_What the exercise asks_:
In the listing below, a line holding "Save this post" and a line holding "#LaborDay #ThankYouWorkers #HardworkingPeople" mark the range. Retype both exactly, with all lines between them.

_Data section_:
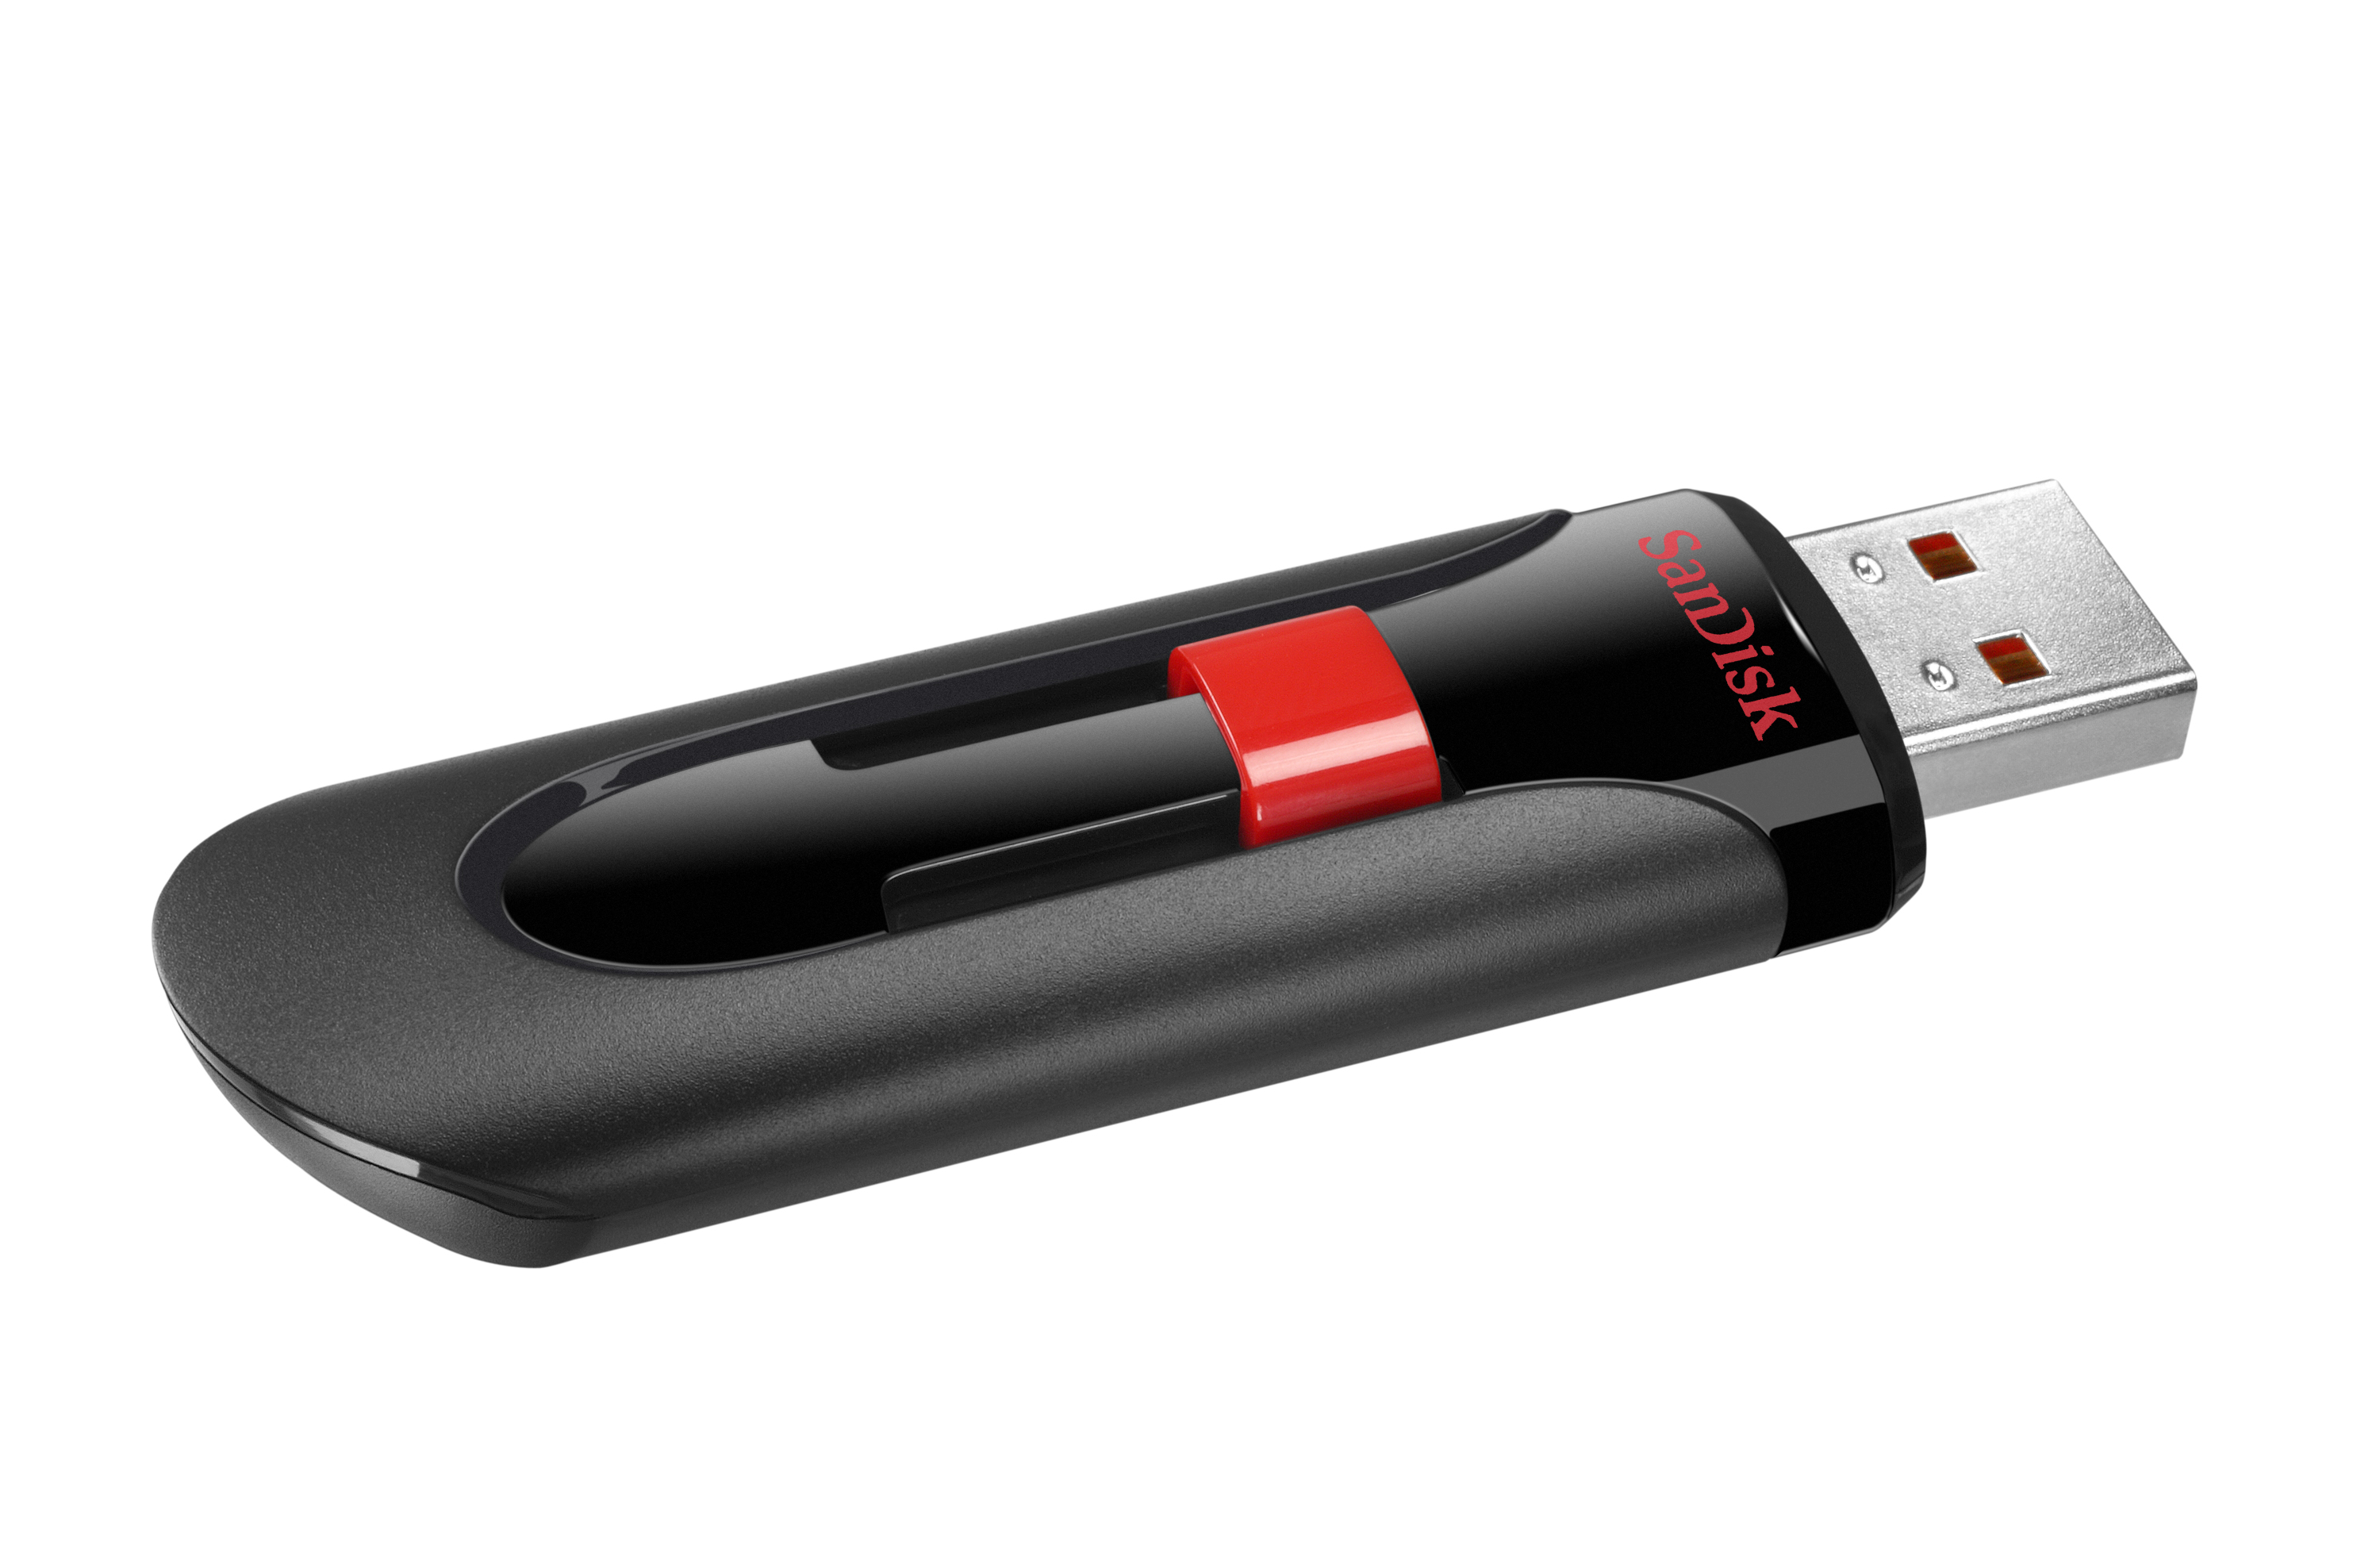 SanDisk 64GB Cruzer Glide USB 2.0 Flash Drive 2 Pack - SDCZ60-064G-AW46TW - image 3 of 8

---

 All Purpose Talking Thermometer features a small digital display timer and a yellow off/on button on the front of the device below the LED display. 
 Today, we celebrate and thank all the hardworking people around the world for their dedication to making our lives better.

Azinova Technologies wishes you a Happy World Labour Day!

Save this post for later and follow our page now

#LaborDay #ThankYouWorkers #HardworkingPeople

_Reply_:
Save this post for later and follow our page now

#LaborDay #ThankYouWorkers #HardworkingPeople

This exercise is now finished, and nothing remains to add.